Health officials and establishment doctors in West Virginia are not happy about giving the public greater access to raw milk.
The governor of West Virginia recently signed a new bill that will make it easier for some people to access and consume raw cow’s milk, which may surprise those who had no idea that it is largely illegal in the United States to share, trade, or buy raw, unpasteurized milk.
On March 3, 2016, Gov. Earl Ray Tomblin, signed new legislation that would allow people to share ownership of a dairy animal in a legal arrangement called “herd sharing,” which allows for the owners to receive milk from that animal for personal consumption. One of the stipulations of the bill (SB 387) is that the individuals who purchase the animal must sign a disclaimer, verifying that they acknowledge the potential risks associated with consuming raw milk. West Virginia’s Department of Agriculture will also distribute rules regulating consumption and require health tests for the animals.
Raw cow’s milk is generally off-limits to the general public, but some states do allow on-farm sales as well as herd shares directly from government approved farms. In the US, only 11 states allow the retail sale of raw milk, and this only applies from goats and sheep. Seventeen U.S. states prohibit any type of sale of raw milk for human consumption.
Retail sales of raw milk will continue to be illegal in West Virginia, even after this new legislation, but the recent changes have re-energized the debate about raw vs. pasteurized milk and whether the government has the right to prosecute human beings for trading in milk.
Why the War on Raw Milk?
Many very unhealthy, potentially carcinogenic foods such as processed meats, food additives and artificial food dyes, are legal and widely consumed throughout the United States, with little warning regarding their potential health risks. So why are Americans not allowed to enjoy raw milk, which has been a nutritious staple of the human diet for many generations? Why do police and SWAT teams raid raw milk vendors to put them out of business for trading in raw milk and other natural foods?
In 1987, the FDA mandated pasteurization of all milk and milk products for human consumption, effectively banning the shipment of raw milk in interstate commerce with the exception of cheese made from raw milk. The American Academy of Pediatrics, the American Medical Association, the American Association of Public Health Veterinarians, the National Milk Producers Federation and the International Dairy Foods Association openly oppose pro-raw milk legislation, seeking to ban it from public and even private consumption.
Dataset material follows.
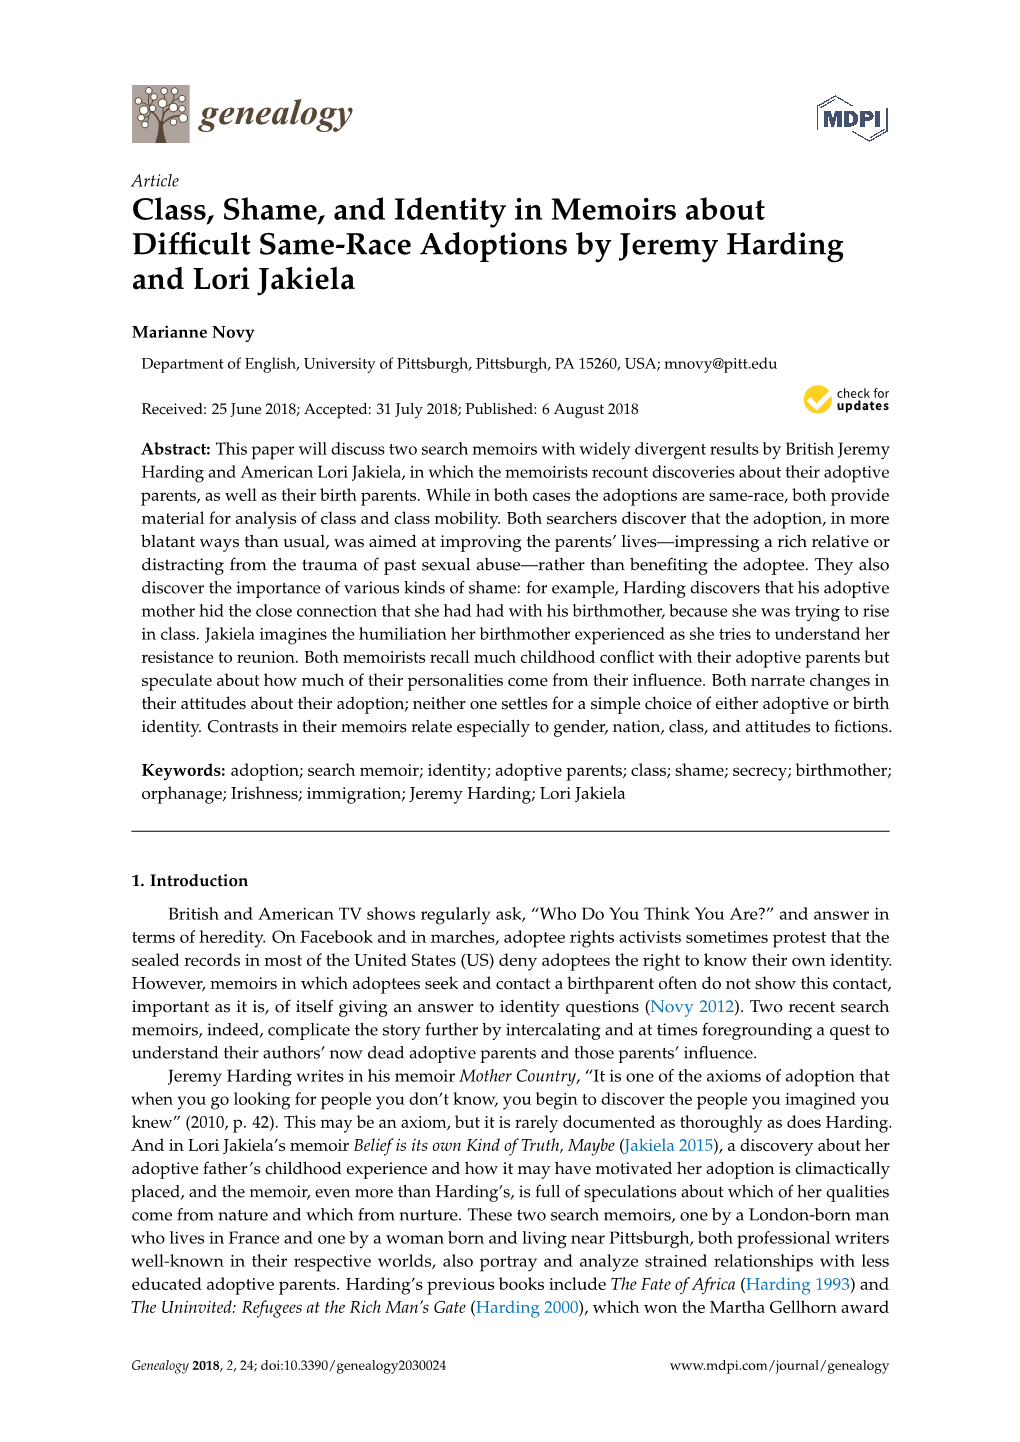 Class, Shame, and Identity in Memoirs About Difficult Same-Race Adoptions by Jeremy Harding and Lori Jakiela

The mainstream argument against raw milk is that it is more likely to be contaminated with harmful bacteria than pasteurized milk, and thereby a threat to public health. Dr. Michael Brumage, health officer at the West Virginia Kanawha-Charleston Health Department, made the broad claim, “I think everybody in public health is opposed, unequivocally, to selling anything but pasteurized milk to the public.”
This statement is of course far too general for critical thinkers who understand that pasteurization, a process that heats raw milk up in order to kill bacteria, also destroys many of the primary benefits of drinking milk in the first place. By destroying beneficial bacteria, proteins, and other enzymes that are tremendously beneficial to human health, many believe that pasteurization actually makes milk dangerous for human consumption.
An independent voice, also interested in public health, offers this perspective:
Research by Dr. Ted Beals, MD, featured in the summer 2011 issue of Wise Traditions, the quarterly journal of the Weston A. Price Foundation, shows that you are actually about 35,000 times more likely to get sick from other foods than you are from raw milk. (Source)
According to the US Center for Disease Control, between the years 1998 to 2011, a mere two deaths resulted from a disease outbreak potentially linked to consuming raw milk or raw milk products. Raw milk sales are quite popular in European countries, were even raw milk vending machines are common.
Raw milk coming from pastured animals used to be widely accepted as an excellent natural therapy by medical doctors for a variety of diseases, such as diabetes, obesity, hypertension, heart disease and even cancer. The “milk diet” prescribed by doctors in the beginning of 20th century involved drinking exclusively up to 4 quarts of certified medicinal raw milk. (Source)
People apparently don’t agree on this issue at all. In response to West Virginia’s new law, Dr. Michael Brumage made the comment:
I cannot understand why we would knowingly put people’s health at risk for something with no nutritional benefit over pasteurized milk.
Decriminalizing something is not the same as forcing it on people who don’t want it, so Dr. Brumage’s argument overlooks one of the most important tenets of our society: personal freedom.
What do you think? Should raw milk be prohibited and treated like illegal drugs, or should people have the right to buy what they like and consume the products that have sustained our families for many generations?